The code below for testing endianness is expected to have implementation defined behavior:
int is_little_endian(void) {
int x = 1;
char *p = (char*)&x;
return *p == 1;
}
But is it possible that it may have undefined behavior on purposely contrived architectures? For example could the first byte of the representation of an int
with value 1
(or another well chosen value) be a trap value for the char
type?
As noted in comments, the type unsigned char
would not have this issue as it cannot have trap values, but this question specifically concerns the char
type.
Per C 2018 6.2.5 15, char
behaves as either signed char
or unsigned char
. Suppose it is signed char
. 6.2.6.2 2 discusses signed integer types, including signed char
. At the end of this paragraph, it says:
Which of these [sign and magnitude, two’s complement, or ones’ complement] applies is implementation-defined, as is whether the value with sign bit 1 and all value bits zero (for the first two), or with sign bit and all value bits 1 (for ones’ complement), is a trap representation or a normal value.
Thus, this paragraph allows signed char
to have a trap representation. However, the paragraph in the standard that says accessing trap representations may have undefined behavior, 6.2.6.1 5, specifically excludes character types:
Certain object representations need not represent a value of the object type. If the stored value of an object has such a representation and is read by an lvalue expression that does not have character type, the behavior is undefined. If such a representation is produced by a side effect that modifies all or any part of the object by an lvalue expression that does not have character type, the behavior is undefined.

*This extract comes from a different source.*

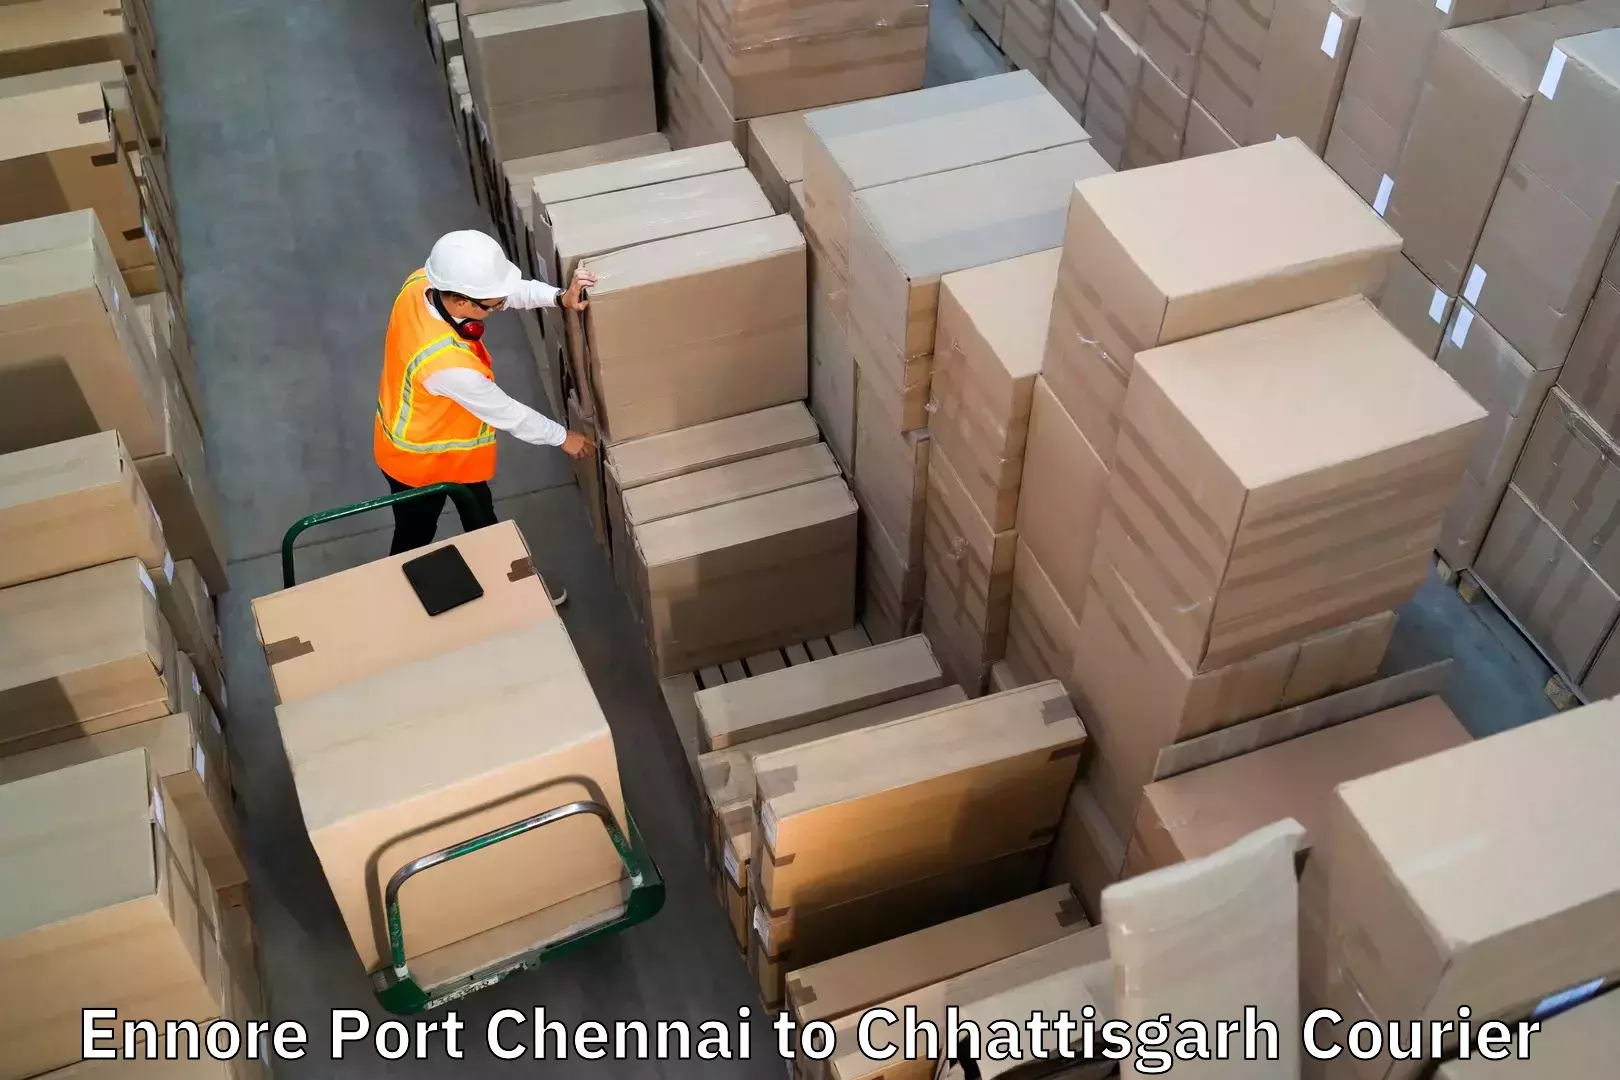 Door to door luggage delivery Ennore Port Chennai to Bhilai

Such a representation is called a trap representation.
Thus, although char
may have trap representations, there is no reason we should not be able to access it. There is then the question of what happens if we use the value in an expression? If a char
has a trap representation, it does not represent a value. So attempting to compare it to 1 in *p == 1
does not seem to have a defined behavior.
The specific value of 1 in an int
will not result in a trap representation in char
for any normal C implementation, as the 1 will be in the “rightmost” (lowest valued) bit of some byte of the int
, and no normal C implementation puts the sign bit of a char
in the bit in that position. However, the C standard apparently does not prohibit such an arrangement, so, theoretically, an int
with value 1 might be encoded with bits 00000001 in one of its bytes, and those bits might be a trap representation for a char
.
I don't think the Standard would forbid an implementation in which signed char
used sign-magnitude or ones'-complement format, and trapped on attempts to load the bit pattern that would represent "negative zero". Nor does it require that such implementations must make char
unsigned. It would be possible to contrive an architecture upon which your code could have arbitrary behavior. A few more important things to note, however:
There is no guarantee that the bits within a char
are mapped in the same sequence as the ones in an int
. The code wouldn't launch into UB-land if the bits aren't mapped in order, but the result would not be very meaningful.
So far as I can tell, every non-contrived conforming C99 implementation has used two's-complement format; I consider it doubtful that any will ever do otherwise.
It would be silly for an implementation to make char
be a type with fewer representable values than bit patterns.
One could contrive a conforming implementation that would do almost anything with almost any source text, provided that there exists some source text that it would process in the fashion defined by the Standard.
One could contrive a conforming sign-magnitude implementation where the integer value 1 would have a bit pattern that would encode signed char value "negative zero", and which would trap on an attempt to load that. One could even contrive a conforming ones'-complement implementation that did so (have lots of padding bits on the "int" type, all of which get set when storing the value "1"). Given that one could contrive a conforming implementation that uses the One Program rule to justify doing anything it liked with the above source text regardless of what integer format it uses, however, I don't think the possibility of weird char
type should really be a worry.
Note, btw, that the Standard makes no effort to forbid silly implementations; it might be improved by adding language mandating that char
must either be a two's-complement type with no trap representations or an unsigned type, and either mandating the same for signed char
or explicitly saying that is not required. It might also be improved if it recognized a category of implementations which can't support types like unsigned long long
[which would be a major stumbling block for a 36-bit ones'-complement systems, and may be the reason that no conforming C99 implementations exist for such platforms].
I found a quote from the Standard that proves that no object representation is a trap value for unsigned char
:
6.2.6.2 Integer types
1 For unsigned integer types other than unsigned char, the bits of the object
representation shall be divided into two groups: value bits and padding bits (there need
not be any of the latter). If there are N value bits, each bit shall represent a different
power of 2 between 1 and 2N−1, so that objects of that type shall be capable of
representing values from 0 to 2N − 1 using a pure binary representation; this shall be
known as the value representation. The values of any padding bits are unspecified.53)
The previous says that an unsigned char
cannot have any padding bits.
The following footnote says that padding bits are what can be used for trap representations.
53) Some combinations of padding bits might generate trap representations, for example, if one padding
bit is a parity bit. Regardless, no arithmetic operation on valid values can generate a trap
representation other than as part of an exceptional condition such as an overflow, and this cannot occur
with unsigned types. All other combinations of padding bits are alternative object representations of
the value specified by the value bits.
So I guess the answer is that char
is not guaranteed to not have any trap values but unsigned char
is.